Connected with the observance of Easter are the 40-day penitential season of Lent, beginning on Ash Wednesday and concluding at midnight on Holy Saturday, the day before Easter Sunday; Holy Week, commencing on Palm Sunday, including Good Friday, the day of the crucifixion, and terminating with Holy Saturday; and the Octave of Easter, extending from Easter Sunday through the following Sunday.  During the Octave of Easter in early Christian times, the newly baptized wore white garments, white being the liturgical color of Easter and signifying light, purity, and joy.

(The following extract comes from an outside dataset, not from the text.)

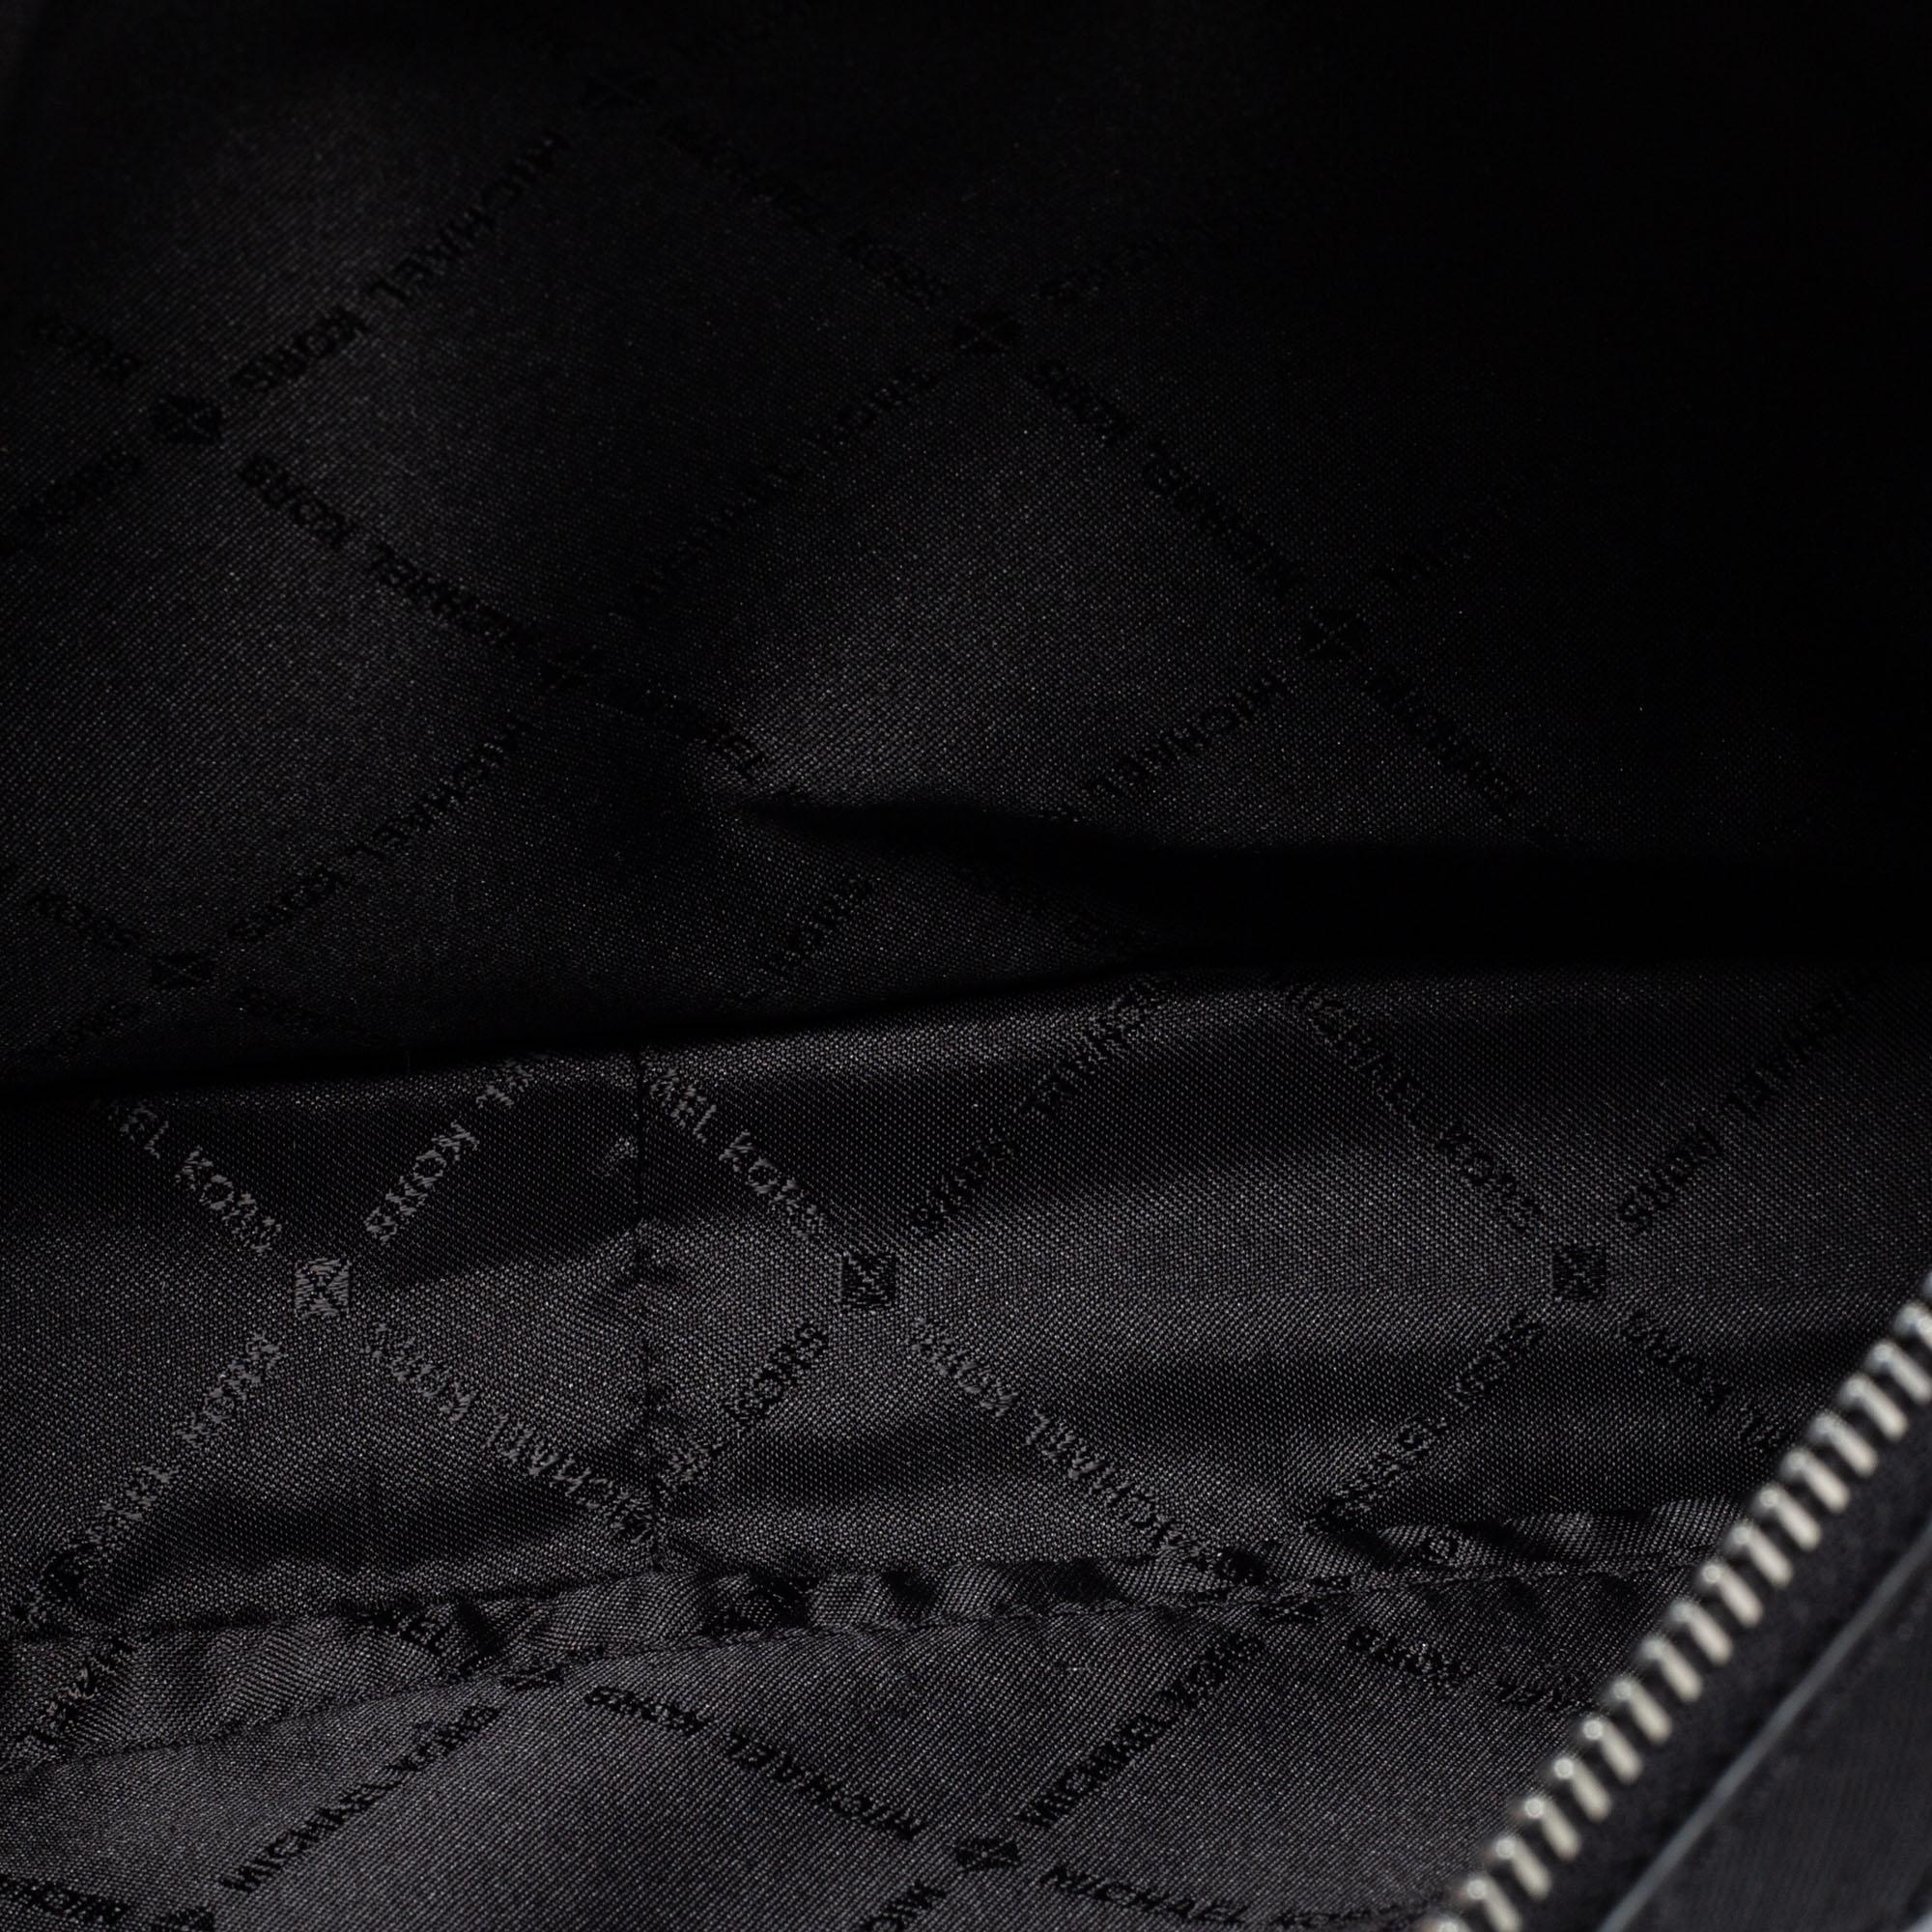 Michael Kors Black/Grey Signature Coated Canvas Leather Jet Set Crossbody Bag 7

Pre-Christian Tradition:  Easter embodies many Pre-Christian traditions. The origin of its name is unknown.  Scholars, however, accepting the derivation proposed by the 8th-century English scholar St. Bede, believe it probably comes from Ēastre, the Anglo-Saxon name of a Teutonic goddess of spring and fertility, to whom was dedicated a month corresponding to April. Her festival was celebrated on the day of the vernal equinox; traditions associated with the festival survive in the Easter rabbit, a symbol of fertility, and in colored Easter eggs, originally painted with bright colors to represent the sunlight of spring, and used in Easter-egg rolling contests or given as gifts.

To my knowledge, the term Easter only appears in English in the Authorized Version King James Bible of 1611. The first form of the word was used by Tyndale in his translation of the transliterated Latin Vulgate. Modern scholars claim that the translators of the King James Bible included the word Easter to pay tribute to Tyndale. If this is true, which it isn’t, it would require that all of the 54 official translators (plus all of the nu-numbered scholars that contributed to the work), comprised in 3 different Companies, in 3 separate geographical locations, all (100 %) conspired to intentionally violate the mandate of the King, discard the rules of translation, nullify Bancroft’s Rules to Be Observed in the Translation of the Bible, and put their life and reputation in peril … just to sneak an ‘Easter egg’ into their work. This claim is simply an attempt to cast doubt on the veracity of the Authorized Version King James Bible of 1611. The claim is fallacy!

In fact, Easter existed prior to Jesus Christ.  There is only one mention of Easter in Scripture, and it has nothing to do with the resurrection of Jesus Christ.

Acts 12:1-4 Now about that time Herod the king stretched forth his hands to vex certain of the church. [2]And he killed James the brother of John with the sword. [3]And because he saw it pleased the Jews, he proceeded further to take Peter also.  (Then were the days of unleavened bread.) [4]And when he had apprehended him, he put him in prison, and delivered him to four quaternions of soldiers to keep him; intending after Easter to bring him forth to the people.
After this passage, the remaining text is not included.